Xavier Charpentier

 

6 OCTOBRE 1973

L'ÉTÉ INDIEN DES TRENTE GLORIEUSES

192 pages, 17 euros

16 octobre 2020

 

 

 

 

 

REVUE DE PRESSE

Mook Sept, octobre 2021

Une date qui marque

par Magali Rossi

 

Un circuit automobile, une voiture qui sort de route, et c’est le drame. Ce samedi 6 octobre 1973, sur le circuit américain de Watkins Glen, le pilote François Cevert perd la vie. Surnommé «Le prince», il avait 29 ans. Beau, doué, il laisse la France en deuil. De cet événement traumatique, Xavier Charpentier, âgé de 9 ans à l’époque, débute une exploration des années 1970 en plongeant dans ses souvenirs pour revivre ce qu’il nomme «l’été indien des Trente Glorieuses»: une page qui se tourne sur des années d’innocence. Ce même jour, un autre événement change la face du monde: les armées syrienne et égyptienne lancent leur offensive contre Israël ‒ la guerre du Kippour commence. Quelques semaines plus tard, l’embargo sur le pétrole enclenchera un processus que rien ne pourra arrêter: la crise. A la manière d’un entomologiste, Xavier Charpentier sélectionne dans la presse du 6 octobre 1973 des articles, entrefilets et événements qu’il épingle dans sa collection. Il les capture, avant de les observer soigneusement. Son écriture fonctionne comme une loupe qui grossit certains traits, fait apparaître des détails et permet, peu à peu, de tisser les liens intimes d’une expérience, d’une histoire dans l’Histoire. Car ce que Xavier Charpentier raconte, avant tout, c’est la manière dont lui-même a vécu ce 6 octobre 1973.

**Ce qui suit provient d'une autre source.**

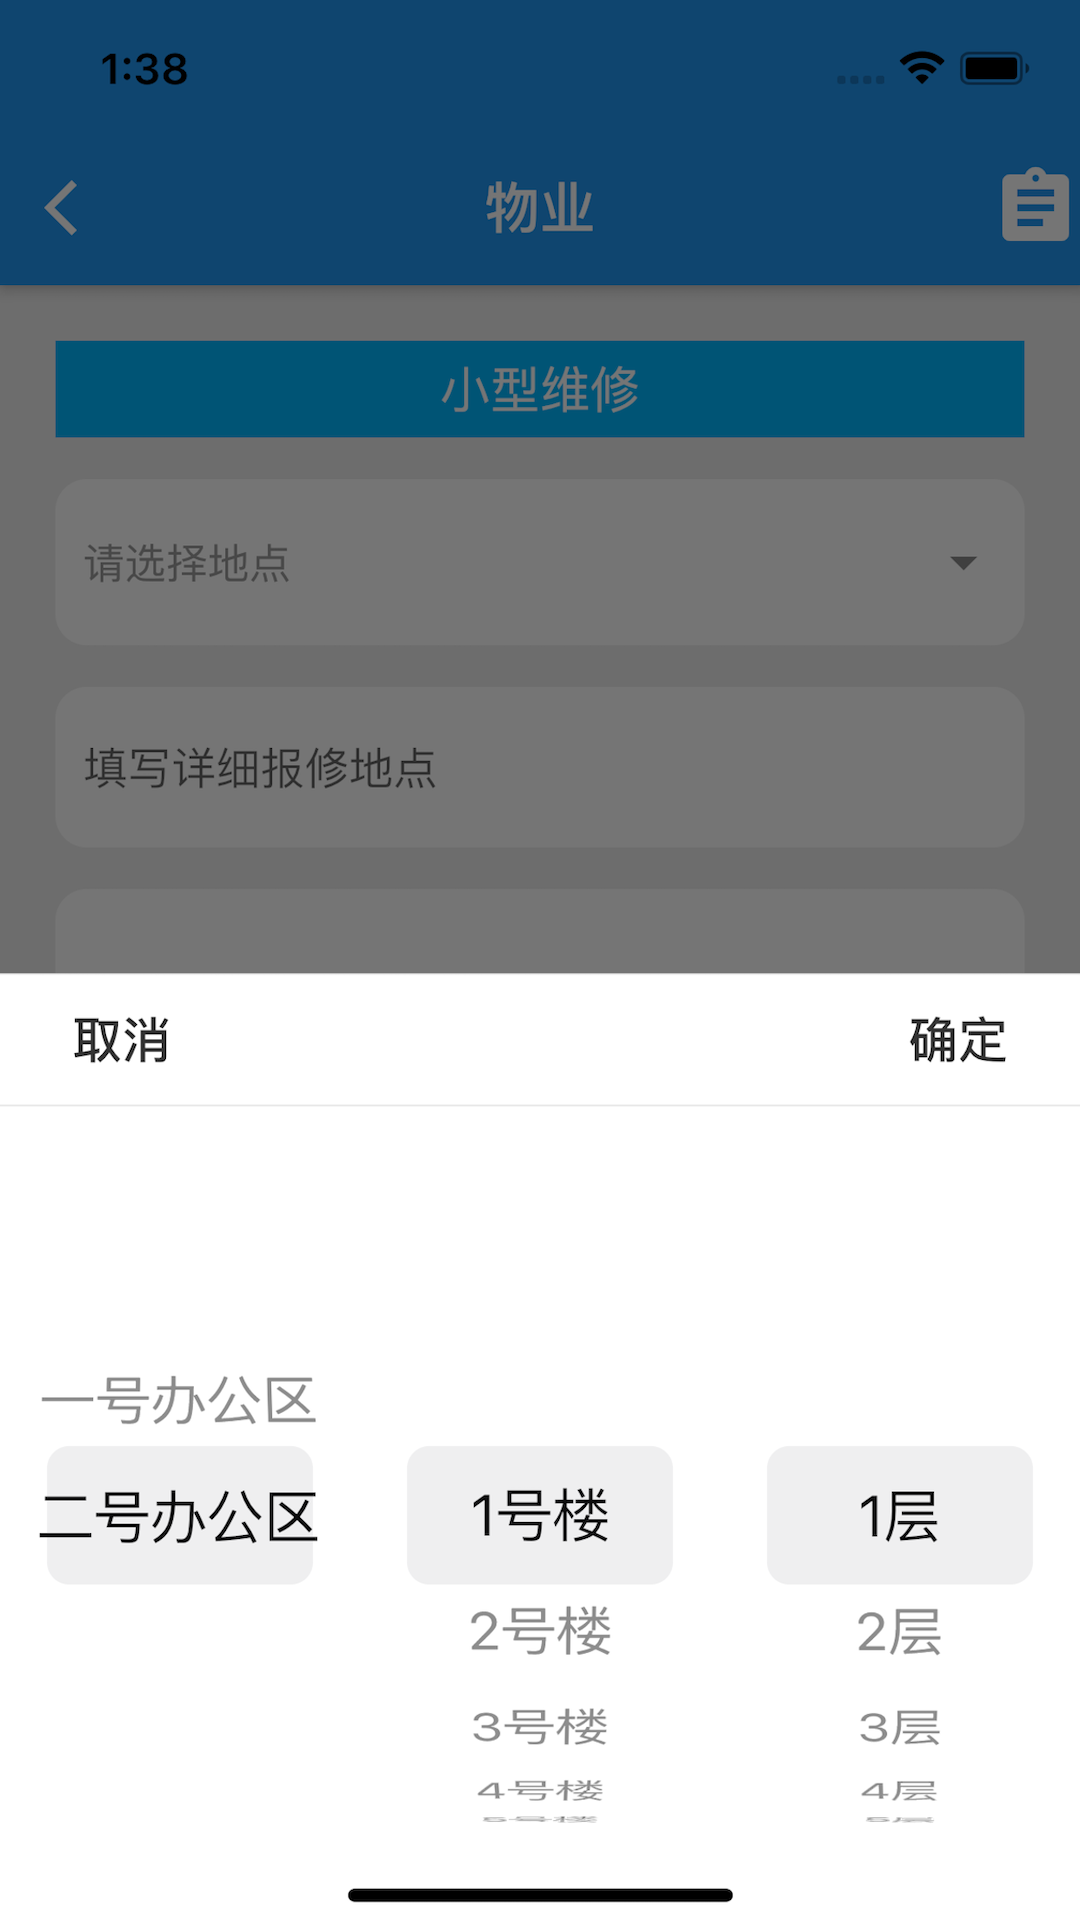 塔库物业综合保障app官方版图片1

Classic Courses, 21 janvier 2021

6 octobre 1973. L'été indien des Trente Glorieuses

par Olivier Favre

 

En octobre dernier est paru un livre qui n'est pas consacré à la course automobile, mais qui en parle. Et qui en fait même son point de départ pour revenir sur une époque vieille de cinq décennies.

 

J’ai déjà eu l’occasion de dire sur ce site à quel point j’ai été et reste frappé par l’extraordinaire simultanéité de la mort de François Cevert avec la guerre du Kippour, cause directe du premier choc pétrolier qui a mis fin aux Trente Glorieuses. C’est pour moi l’exemple type d’une synchronicité, telle que le psychiatre suisse Carl Jung la définissait : la coïncidence temporelle de deux ou plusieurs événements, dont la relation ne relève pas de la causalité, mais d’une association par le sens.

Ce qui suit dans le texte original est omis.